- Opening Delimiter -
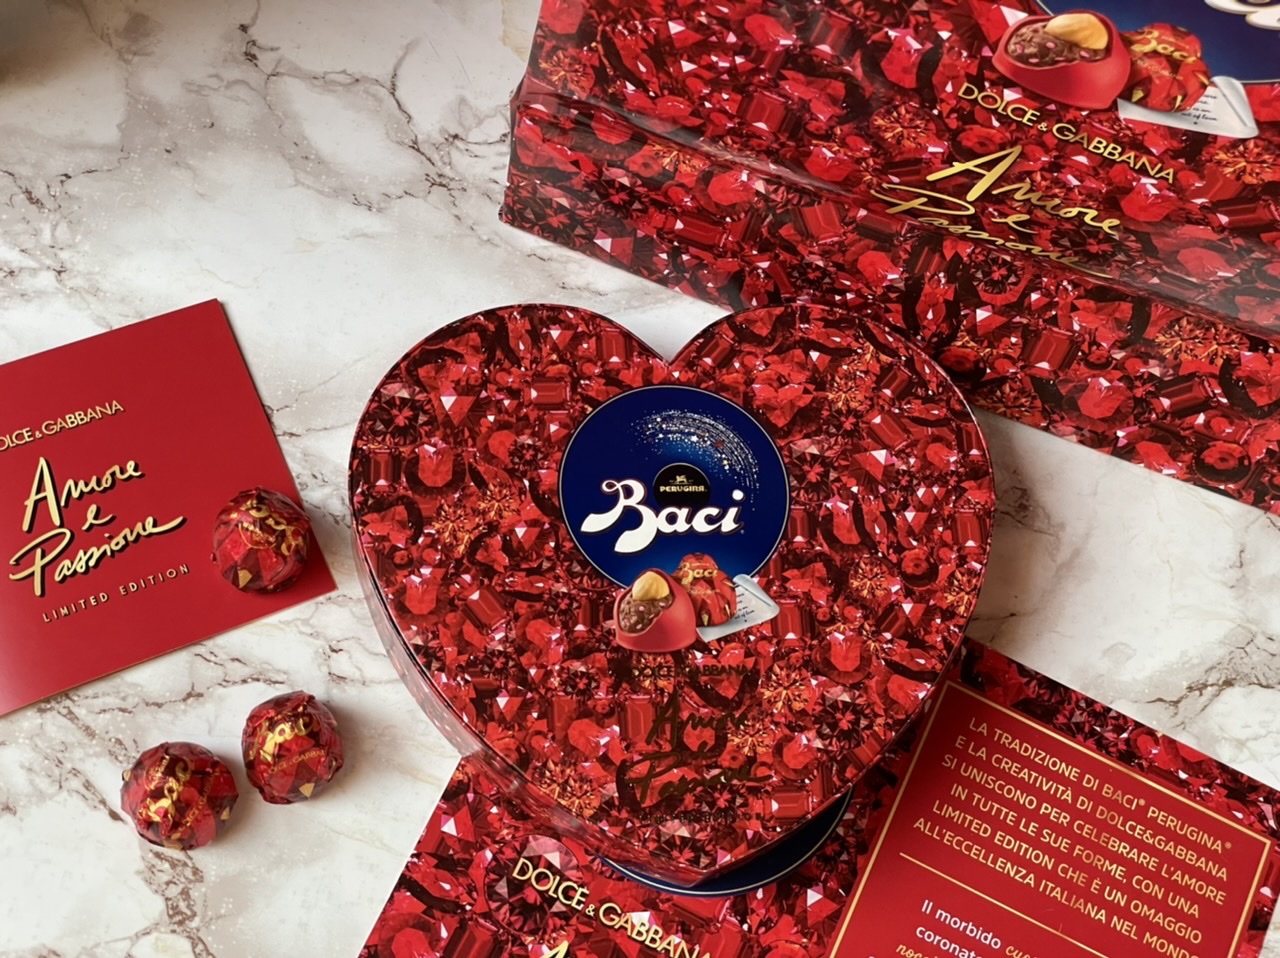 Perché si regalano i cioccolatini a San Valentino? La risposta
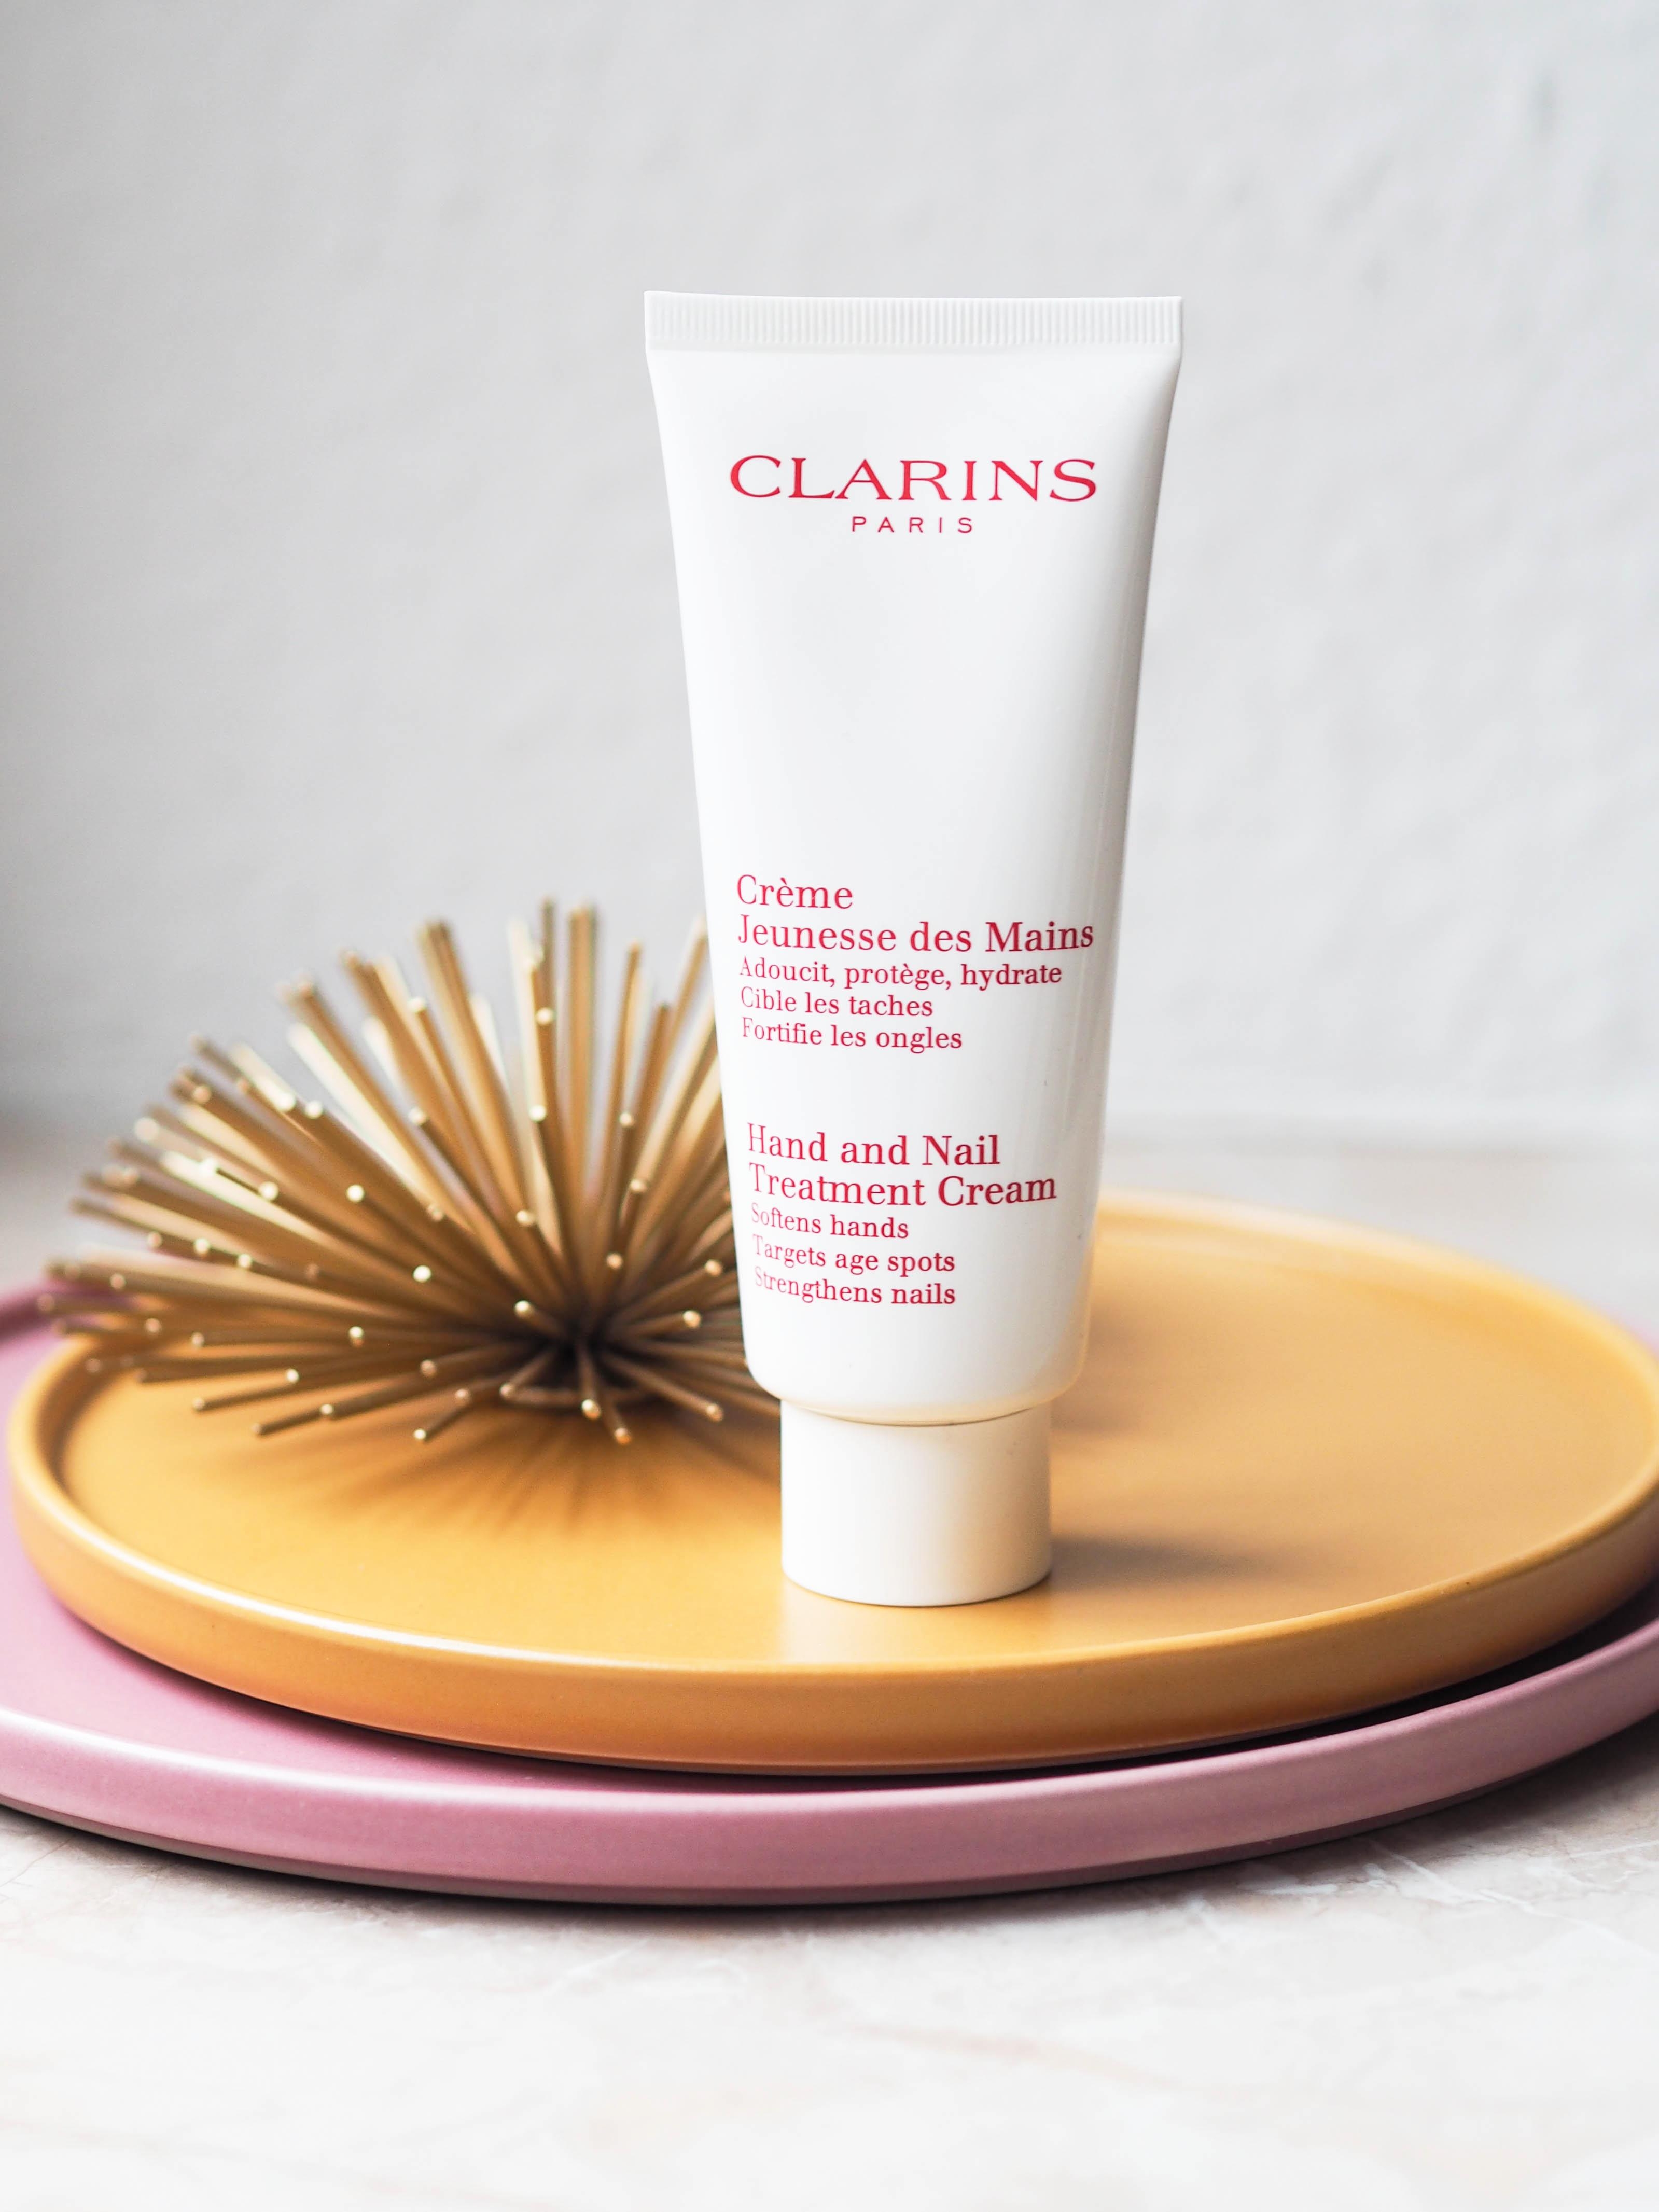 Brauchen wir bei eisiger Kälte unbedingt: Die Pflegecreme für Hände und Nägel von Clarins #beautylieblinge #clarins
- Closing Delimiter -
- Opening Delimiter -
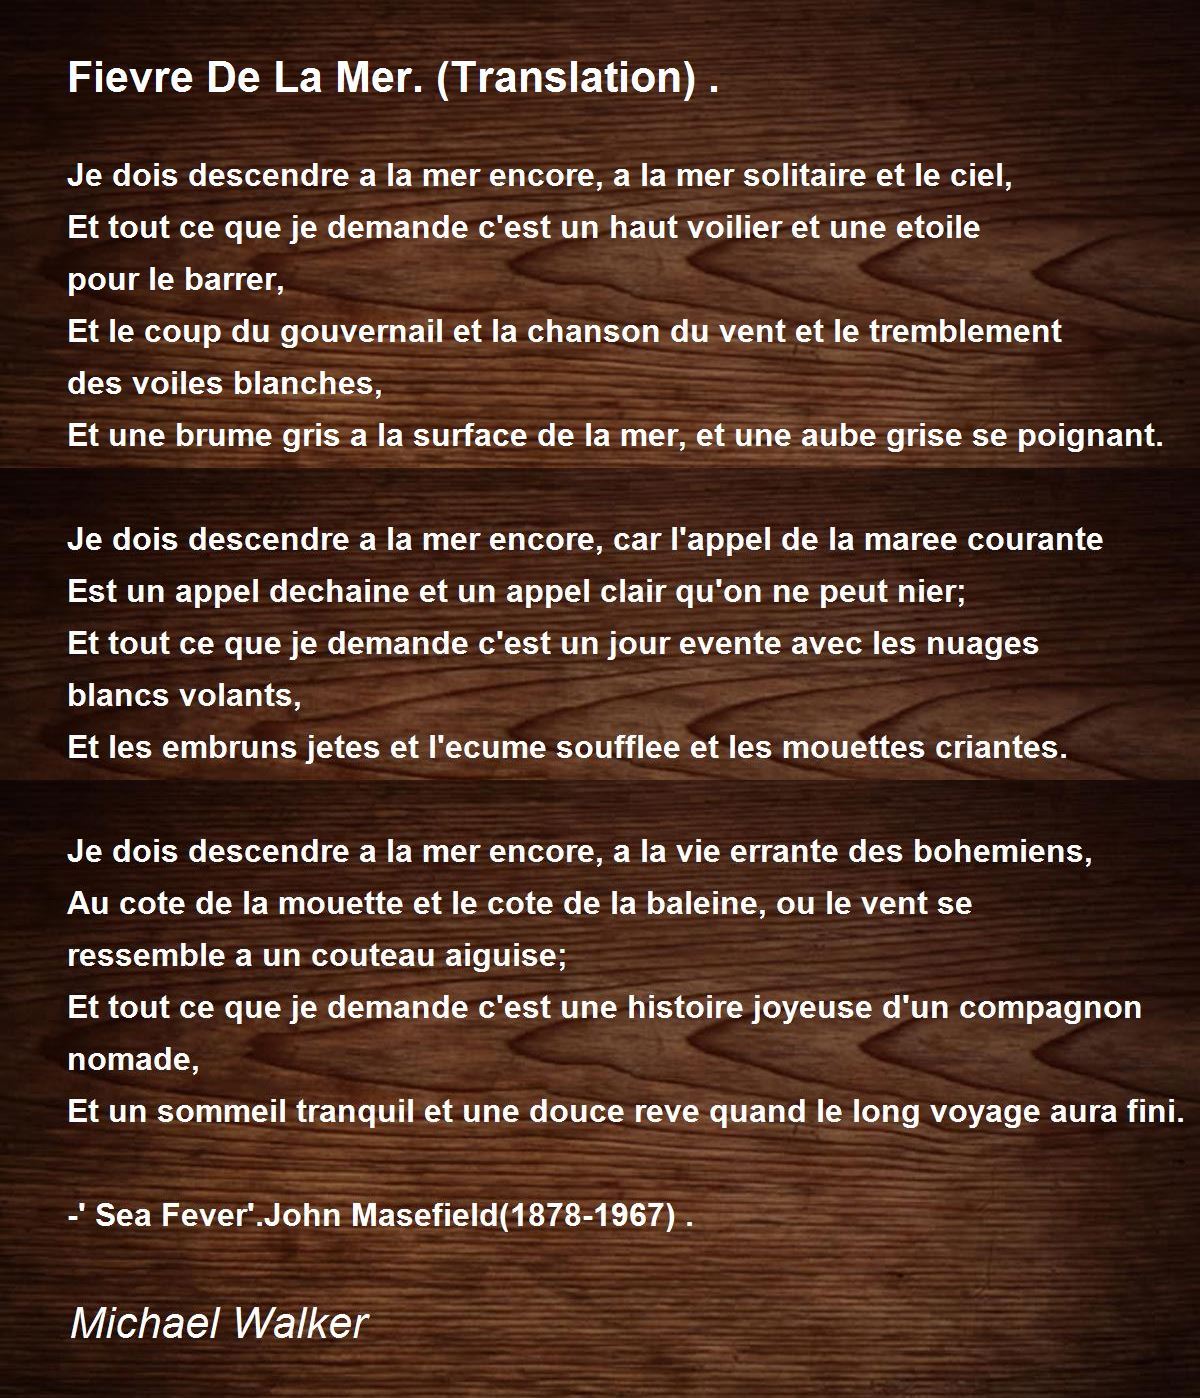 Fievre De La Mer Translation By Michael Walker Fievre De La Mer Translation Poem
- Closing Delimiter -
YOUR INSTRUCTIONS — Range to print from the listing above: from the line with "Perché si regalano" up to and including the line with "Brauchen wir bei". Please print those lines exactly, with no pictures and nothing more.

EXERCISE RESPONSE —
 Perché si regalano i cioccolatini a San Valentino? La risposta
 Brauchen wir bei eisiger Kälte unbedingt: Die Pflegecreme für Hände und Nägel von Clarins #beautylieblinge #clarins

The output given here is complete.